With that, we can formally define the the $n^{th}$ roots of unity, $\omega_n^0, \omega_n^1, …., \omega_n^{n-1}$.

\[\omega_n^j = e^{2\pi ij /n } = (1, \frac{2\pi j}{n})\]

Suppose we want 16 roots, we can see the circle being divided into 16 different parts.

image

And, note the consequences:

image

  • $(n^{th} roots)^2 = \frac{n}{2} roots$
    • e.g $\omega_{16}^2 = \omega_8$
  • Also, the $\pm$ property, where $\omega_{16}^1 = -\omega_{16}^9$

key properties

  • The first property - For even $n$, satisfy the $\pm$ property
    • first $\frac{n}{2}$ are opposite of last $\frac{n}{2}$
    • $\omega_n^0 = -\omega_n^{n/2}$
    • $\omega_n^1 = -\omega_n^{n/2+1}$
    • $…$
    • $\omega_n^{n/2 -1} = -\omega_n^{n/2 + n/2 - 1} = -\omega_n^{n-1}$
  • The second property, for $n=2^k$,
    • $(n^{th} roots)^2 = \frac{n}{2} roots$
    • $(\omega_n^j)^2 = (1, \frac{2\pi}{n} j)^2 = (1, \frac{2\pi}{n/2} j) = w_{n/2}^j$
    • $(\omega_n^{n/2 +j})^2 = (\omega_n^j)^2 = w_{n/2}^j $

So why do we need this property that the nth root squared are the n/2nd roots? Well, we’re going to take this polynomial A(x), and we want to evaluate it at the nth roots. Now these nth roots satisfy the $\pm$ property, so we can do a divide and conquer approach.
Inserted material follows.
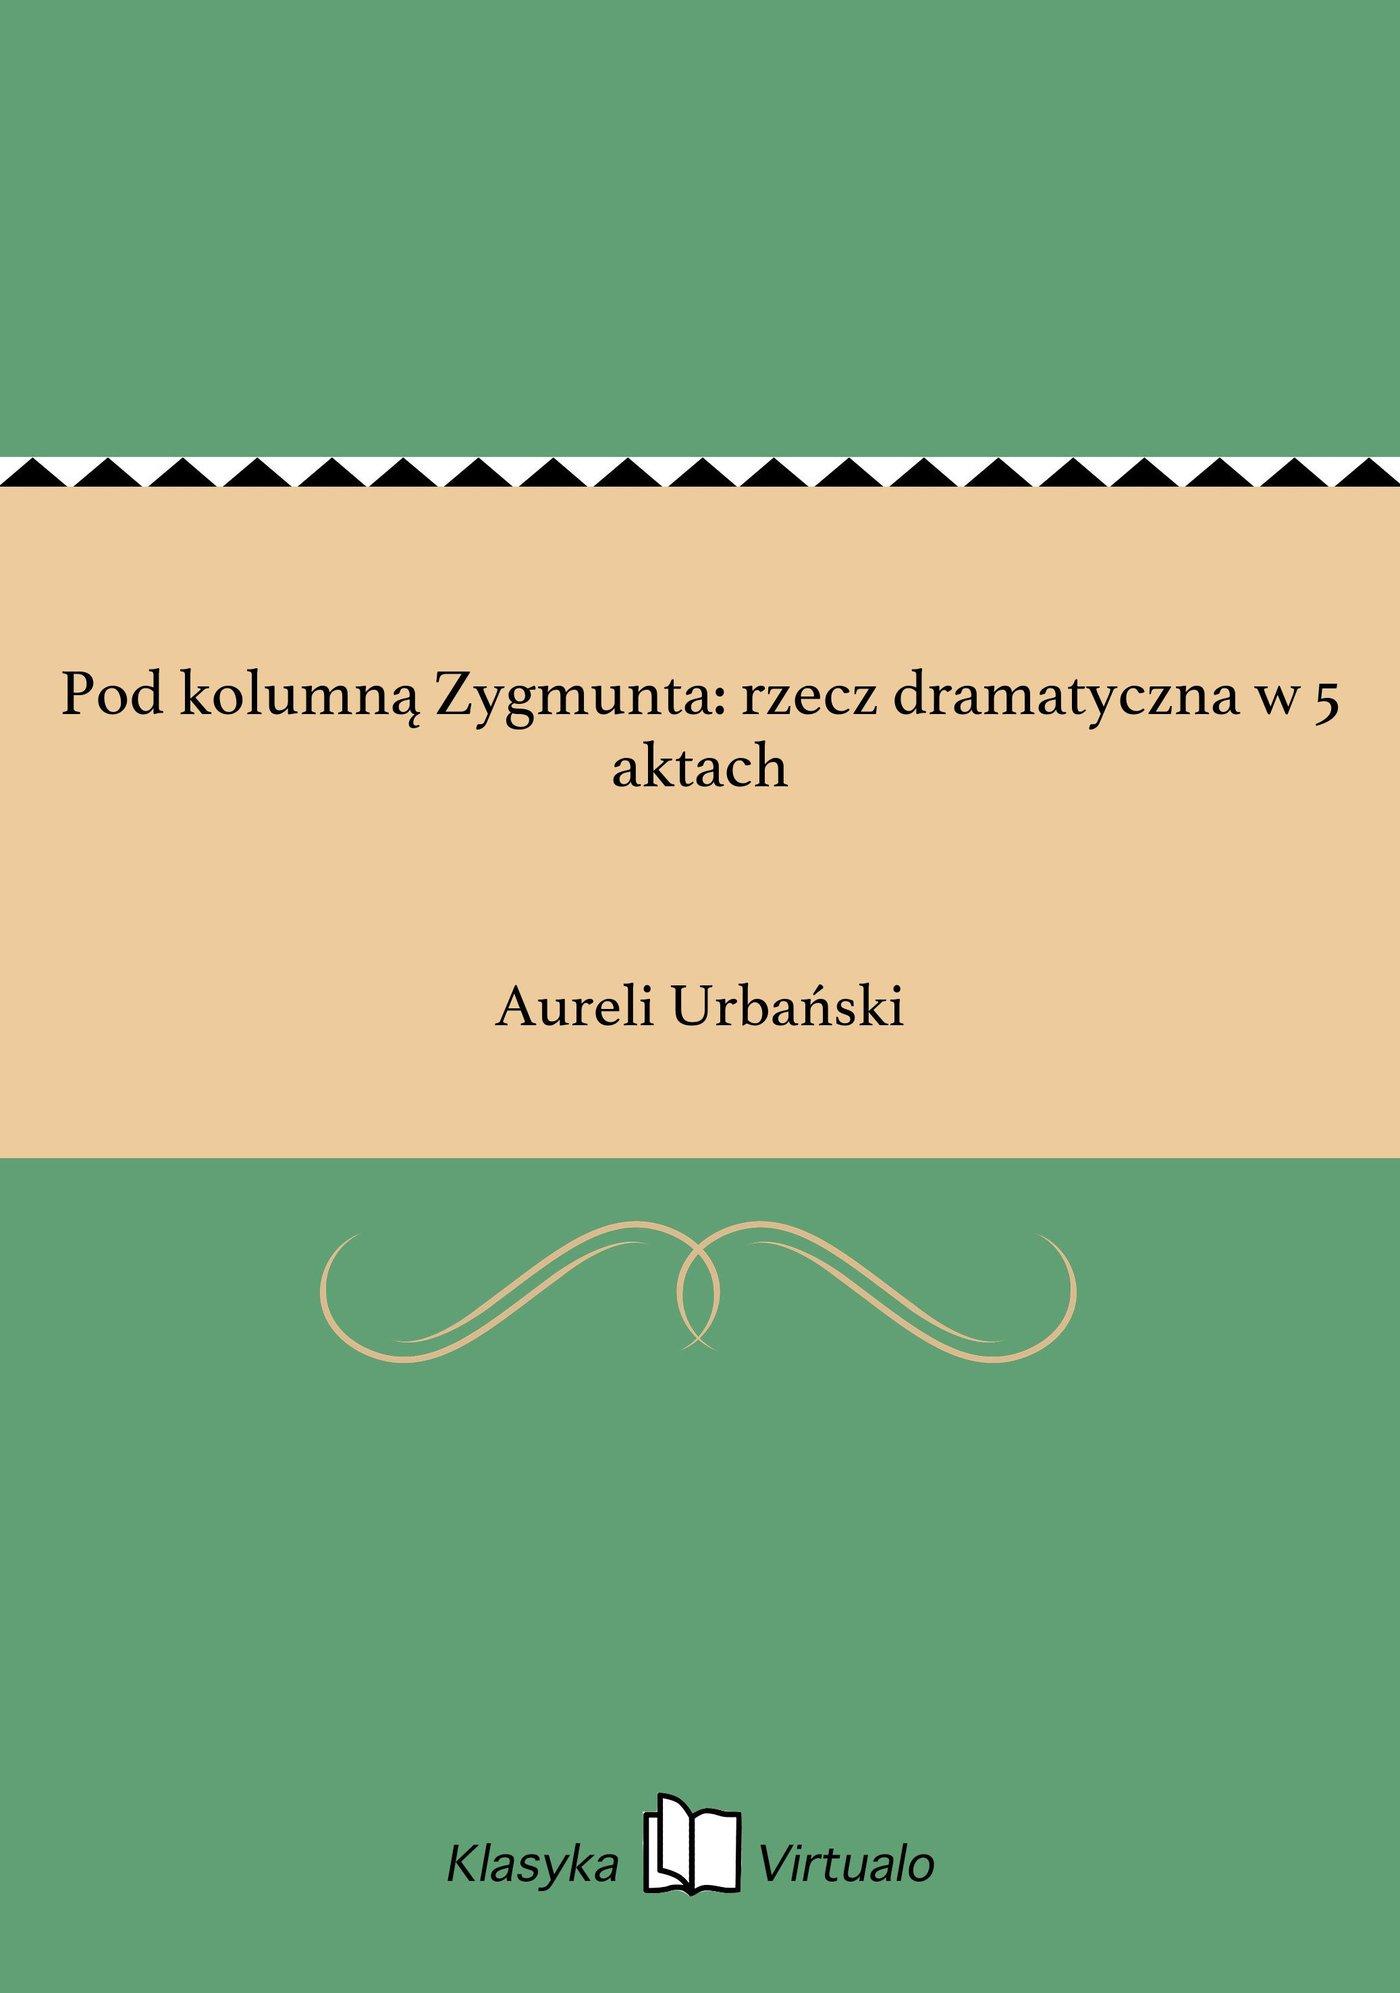 Pod kolumną Zygmunta: rzecz dramatyczna w 5 aktach - Ebook (Książka EPUB) do pobrania w formacie EPUB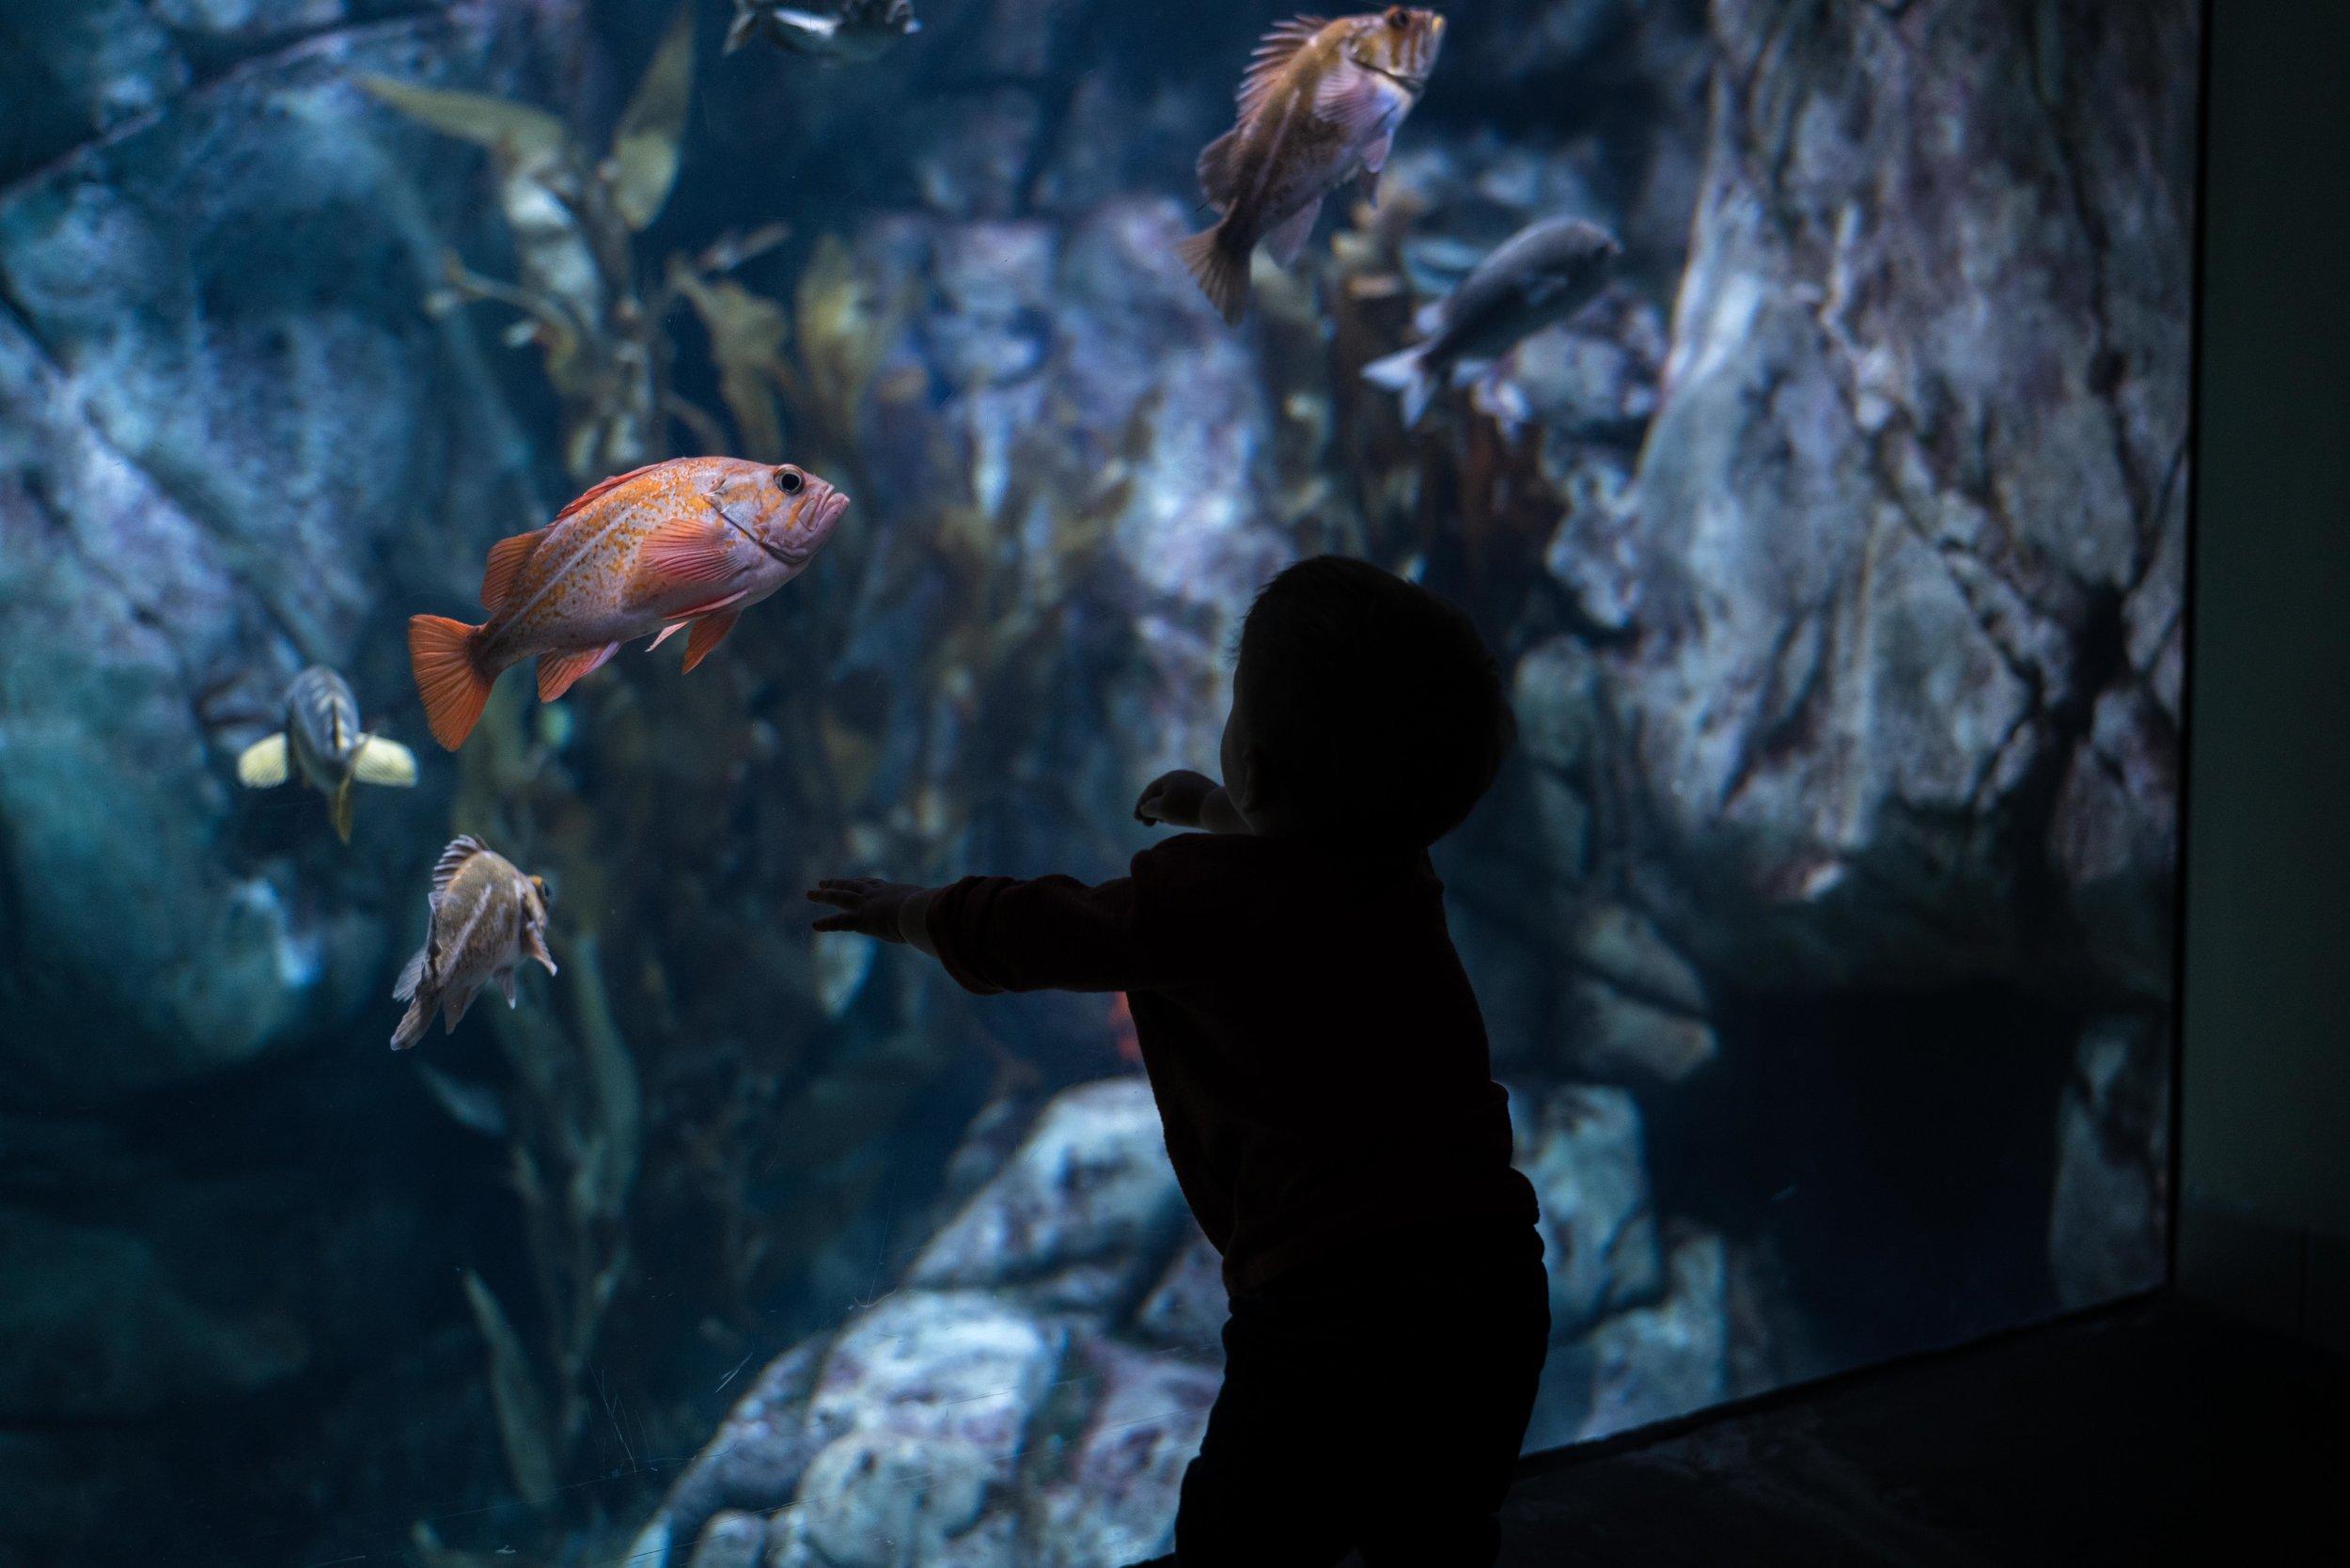 ESW_12.02.18_Aquarium-6.jpg

But then, what do we need? We need to evaluate $A_{even}$ and $A_{odd}$ at the square of these nth roots, which will be the $\frac{n}{2}$ nd roots. So this subproblem is of the exact same form as the original problem. In order to evaluate A(x) at the nth roots, we need to evaluate these two subproblems, $A_{even}$ and $A_{odd}$ at the $\frac{n}{2}$ nd roots. And then we can recursively continue this algorithm.

This post is licensed under CC BY 4.0 by the author.